> _SUPPLIED INFORMATION_
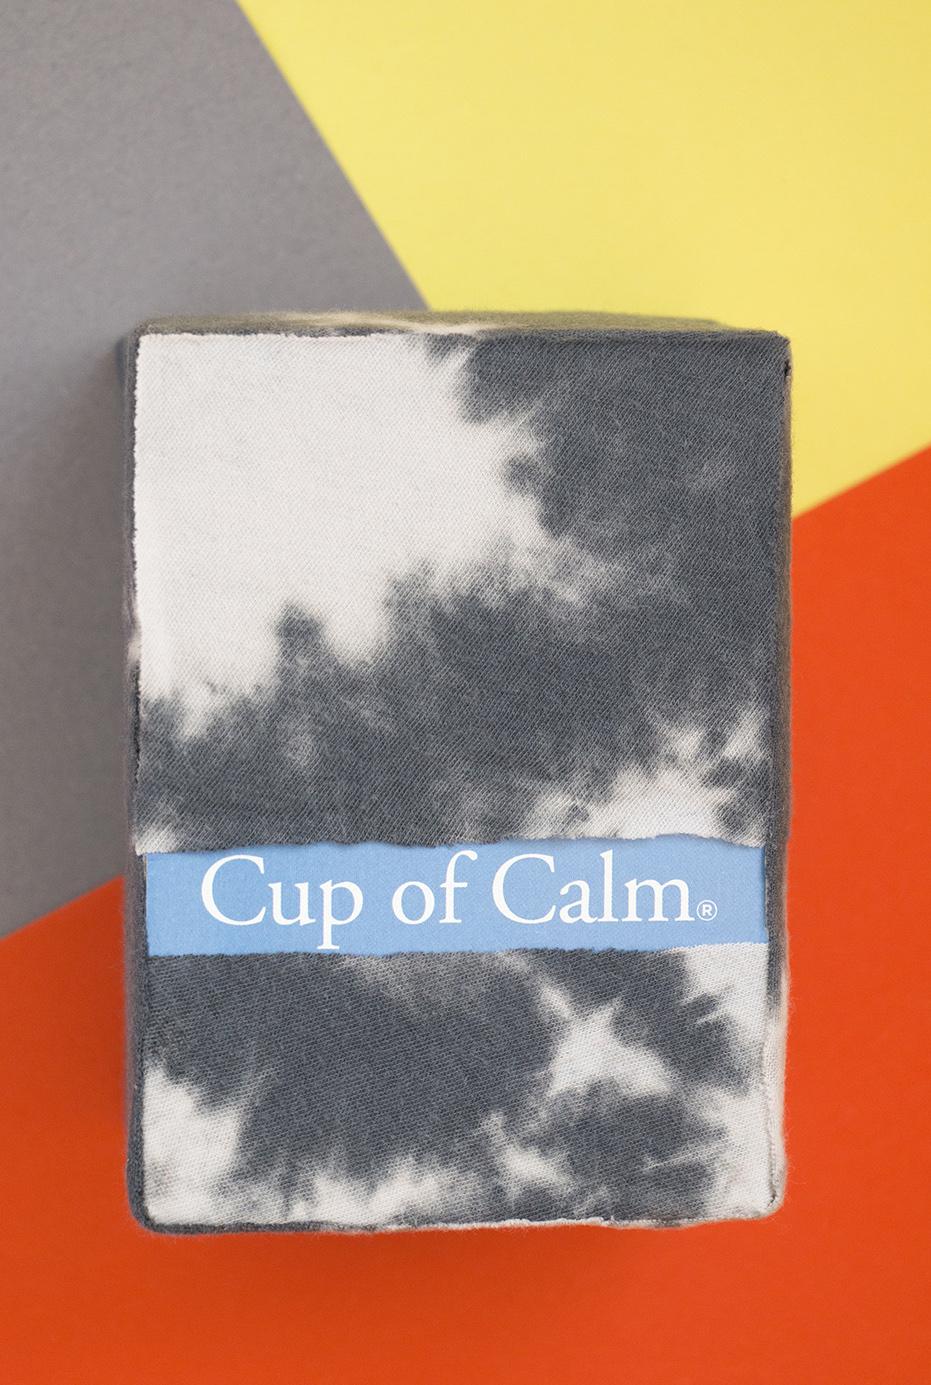 cupofcalm.jpg
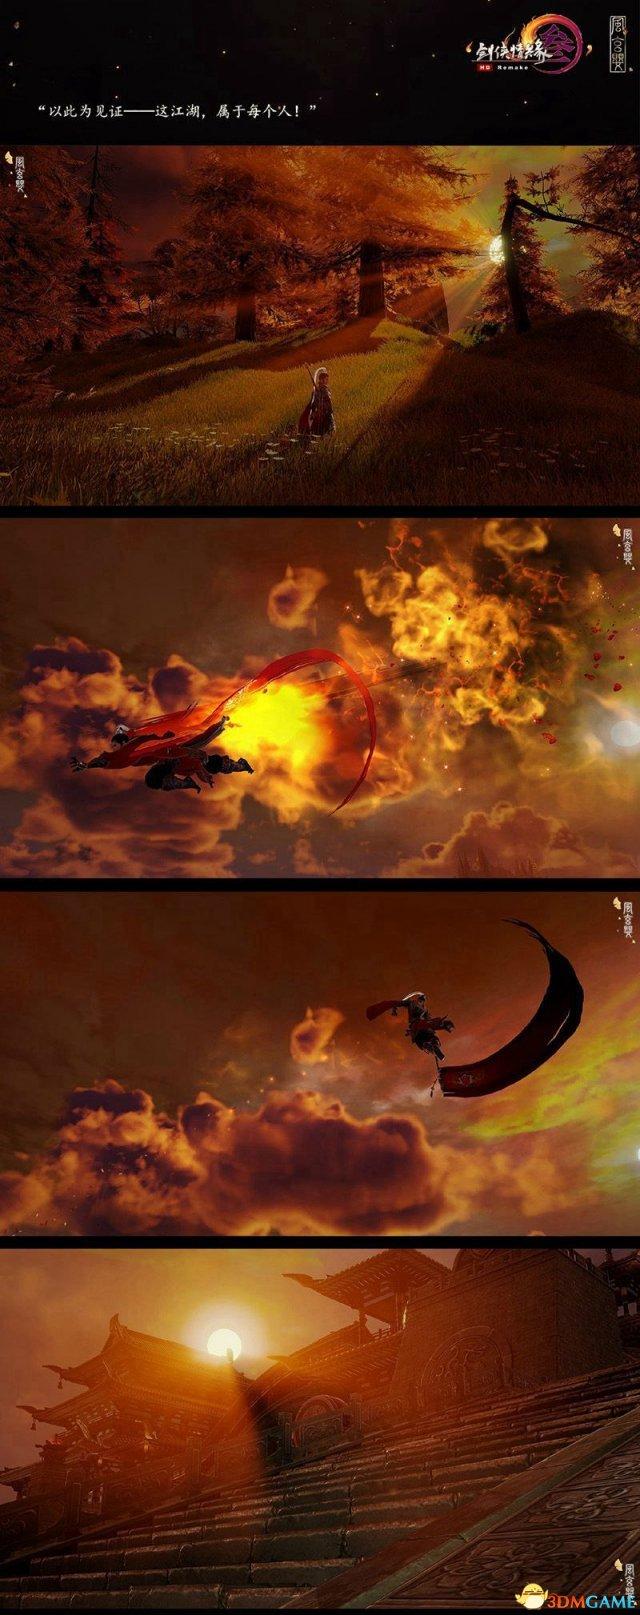 <b>大美江湖 《剑网3》重制版有爱玩家截图赏</b>
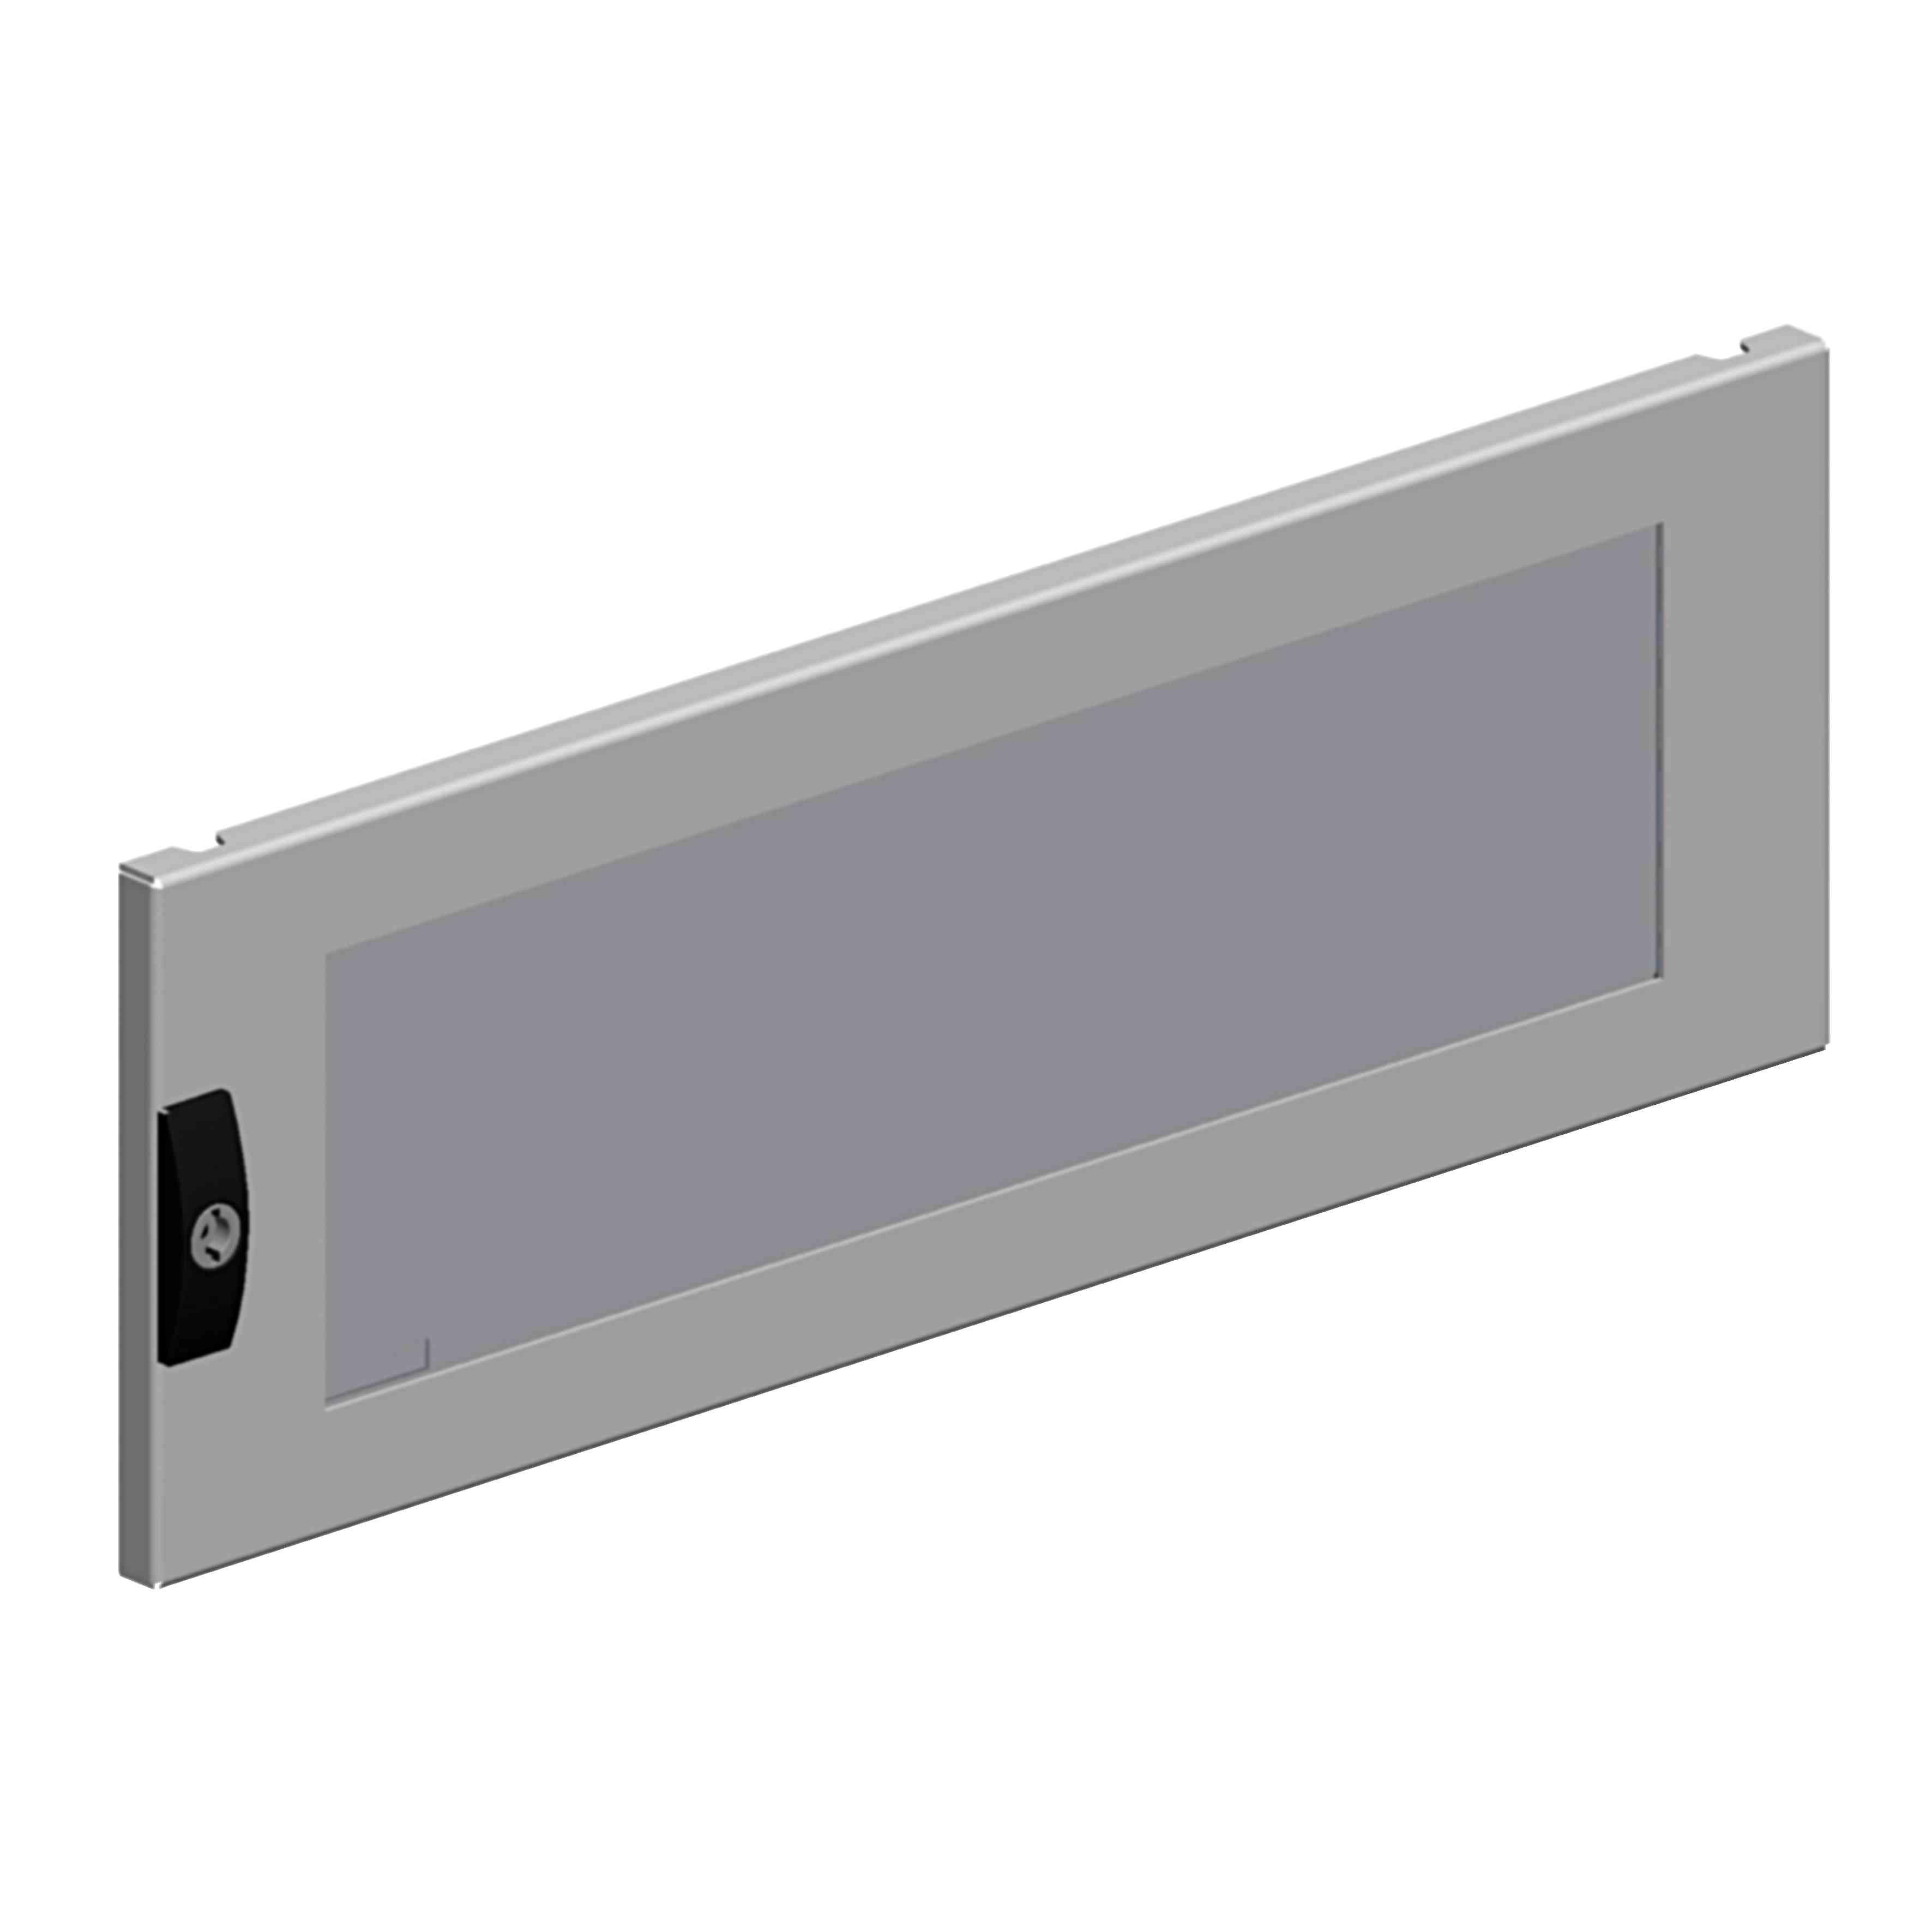 Spacial SF prosojna vrata - 1000 x 800 mm

> _EXERCISE REQUIREMENTS_
The material above is to be transcribed exactly, with all pictures omitted.

> _TASK RESPONSE_
 cupofcalm.jpg
 <b>大美江湖 《剑网3》重制版有爱玩家截图赏</b>
 Spacial SF prosojna vrata - 1000 x 800 mm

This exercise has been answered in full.